A Chinese legend speaks of the Red Thread- an invisible strand connecting those destined to meet. After birth, a soul’s red thread pulls a person into closer proximity to those he or she is meant to share life.
As a stepparent, I have found this legend, which I have shared with my stepchildren (ages 7 and 11), to be invaluable for providing a context in which we could share and love WITHOUT (and this is key) causing issues of parental loyalty to arise.
When I shared this story with my stepchildren, they were having a difficult time finding a place for their feelings for me. We are close, as the children spend 1/2 their time at our home and I am the one who sees them off to school in the morning, helps with homework, etc. So, of course, as with any caring person in their lives, the children had developed a sense of attachment for me.
It’s never simple, though, with children of divorce. I felt they were beginning to sense a loyalty conflict, which is common in this situation. Their mother does not like me and speaks poorly of me- another common situation in divorce. All this does, though, is create confusion for the children- their instinct is to like me, yet they are not told positive things about me from their parent. What do they do?
(As a note to parents to divorce, at the end of the day, it is NOT YOU who must get along with a stepparent- it is the CHILDREN- PLEASE RESPECT your children enough to support the relationships THEY MUST MAINTAIN. A child who is shuttling between homes has no choice but to, at times, try to get along and manage 4 adults- that is a LOT OF WORK- don’t make it any more difficult by undermining the relationships the children work hard to build. )

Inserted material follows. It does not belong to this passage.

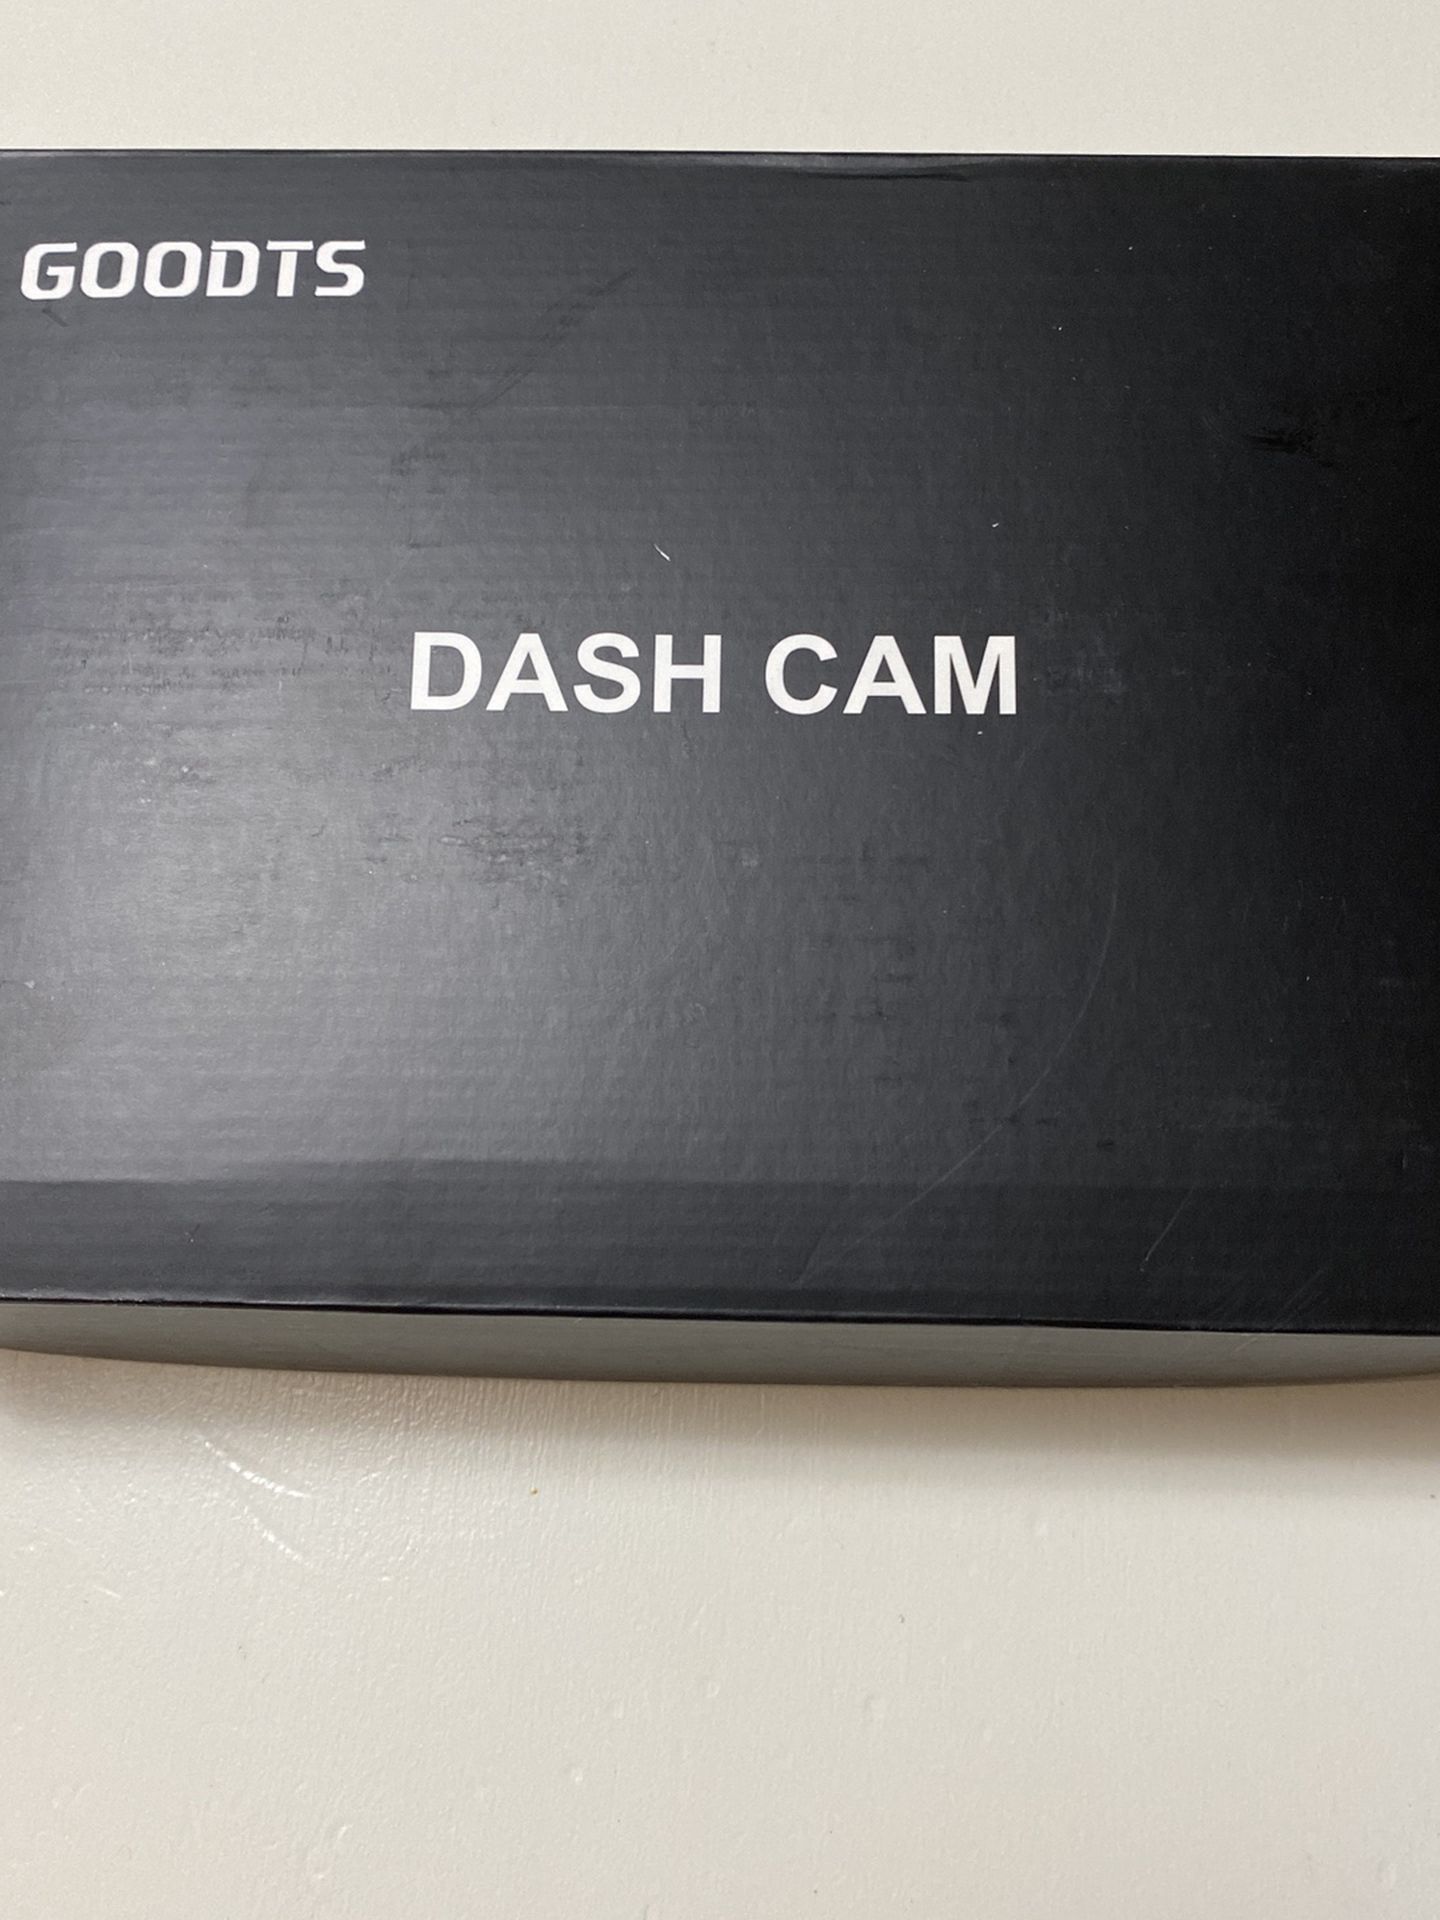 Dash Cam “Goodts”

So I passed on the legend of the red thread to my stepchidren, and said they were my Red Thread Childrern. When I told them this, it was late in the afternoon, and I really doubted either were paying attention, so anxious were they to go outside. My stepson ran upstairs to get his shoes and ran back down and asked me, “Do you see it?” I could not determine what he was talking about. And he said, “Don’t you see it- my red thread? I am connected to you.” I thought – maybe the message did get through.